WHAT NEEDS TO BE DONE
Among the entries below, find the line with "Men's Sport Crossbody" and the line with "ảnh, Truyền hình". Return exactly those lines and every line between them, but no pictures.

GIVEN DATA

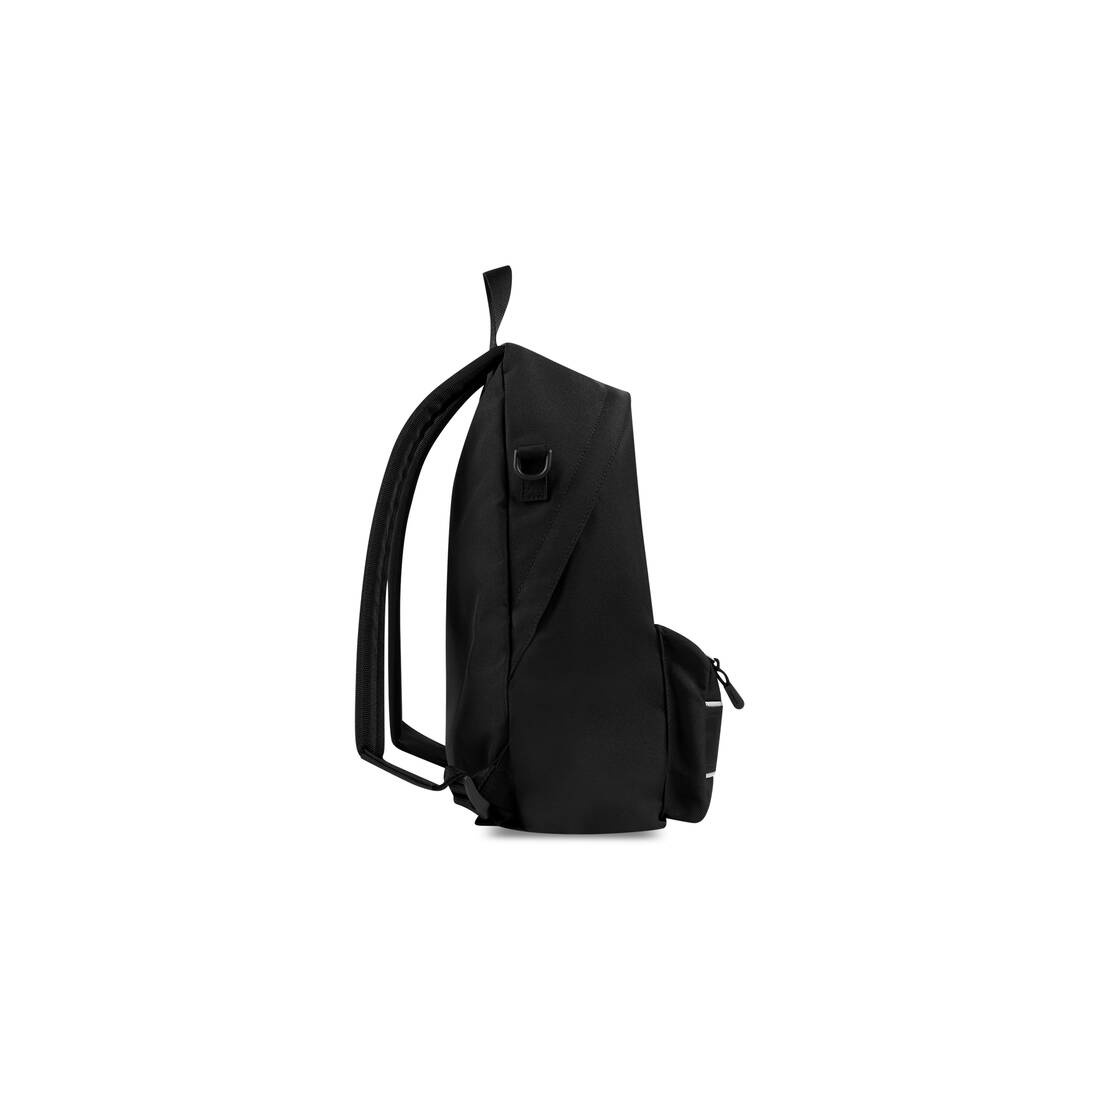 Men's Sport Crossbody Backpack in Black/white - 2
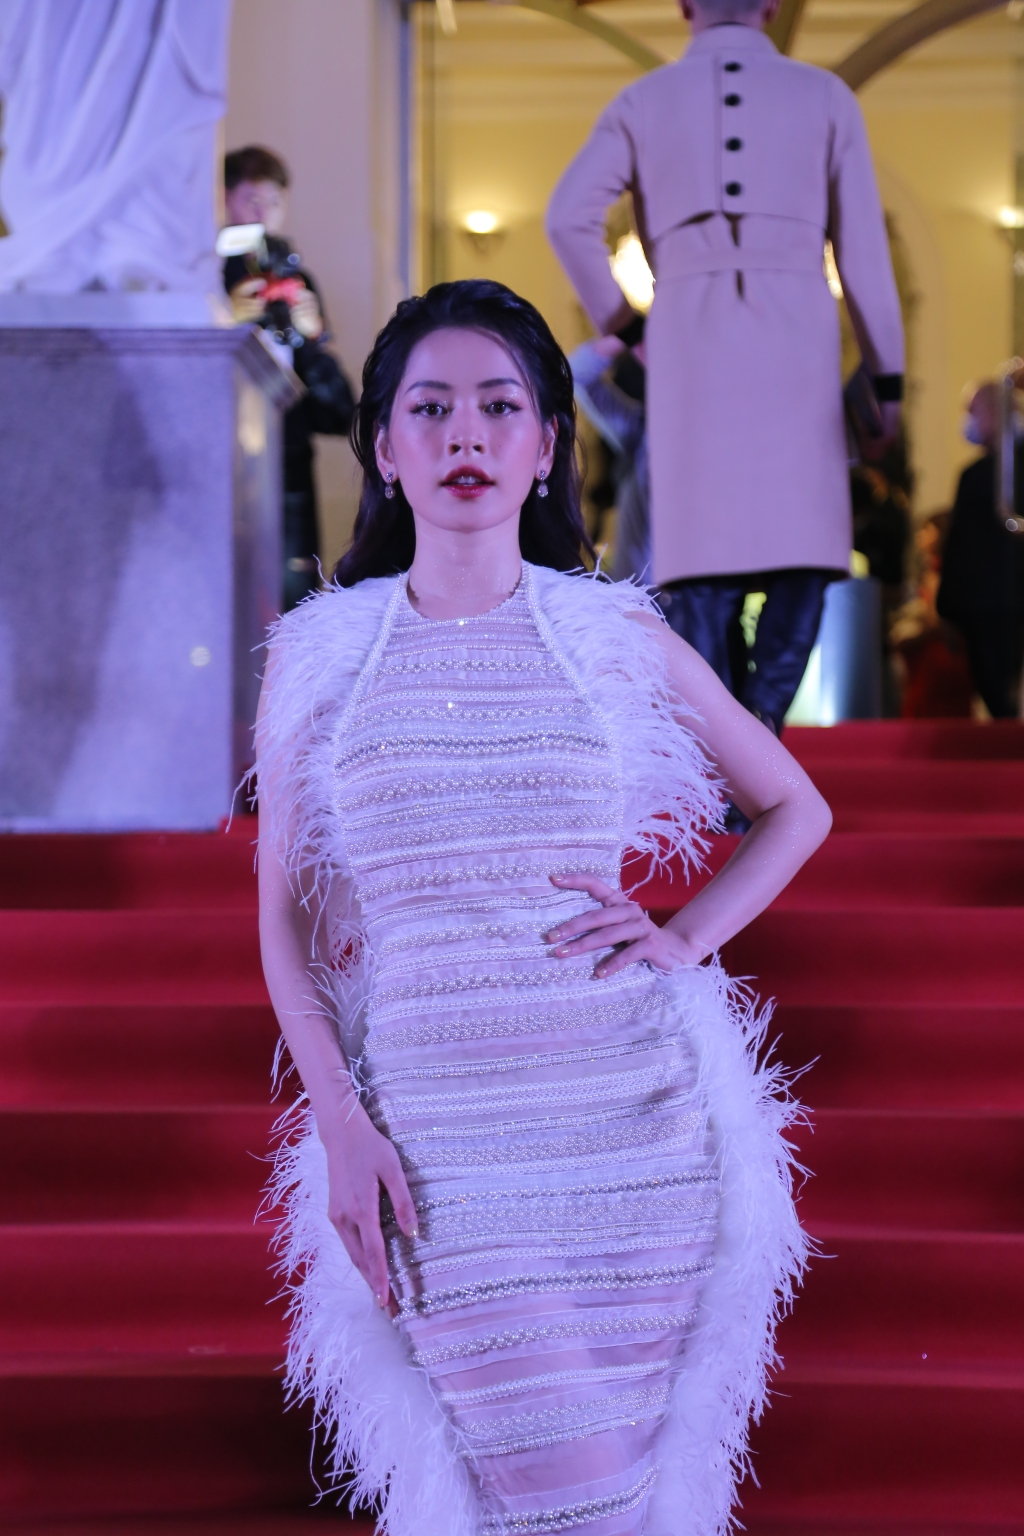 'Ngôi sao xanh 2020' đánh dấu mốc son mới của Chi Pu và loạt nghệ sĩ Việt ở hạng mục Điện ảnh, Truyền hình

...

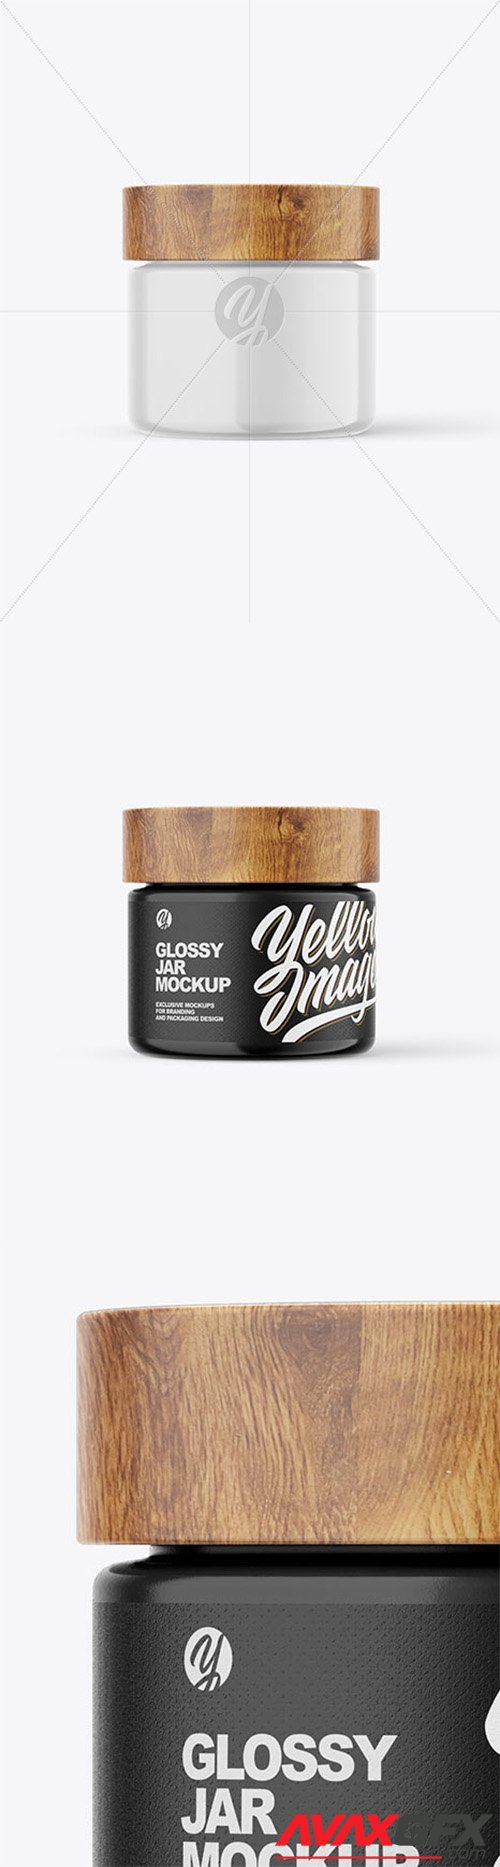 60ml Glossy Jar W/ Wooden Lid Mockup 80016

EXERCISE RESULT
 Men's Sport Crossbody Backpack in Black/white - 2
 'Ngôi sao xanh 2020' đánh dấu mốc son mới của Chi Pu và loạt nghệ sĩ Việt ở hạng mục Điện ảnh, Truyền hình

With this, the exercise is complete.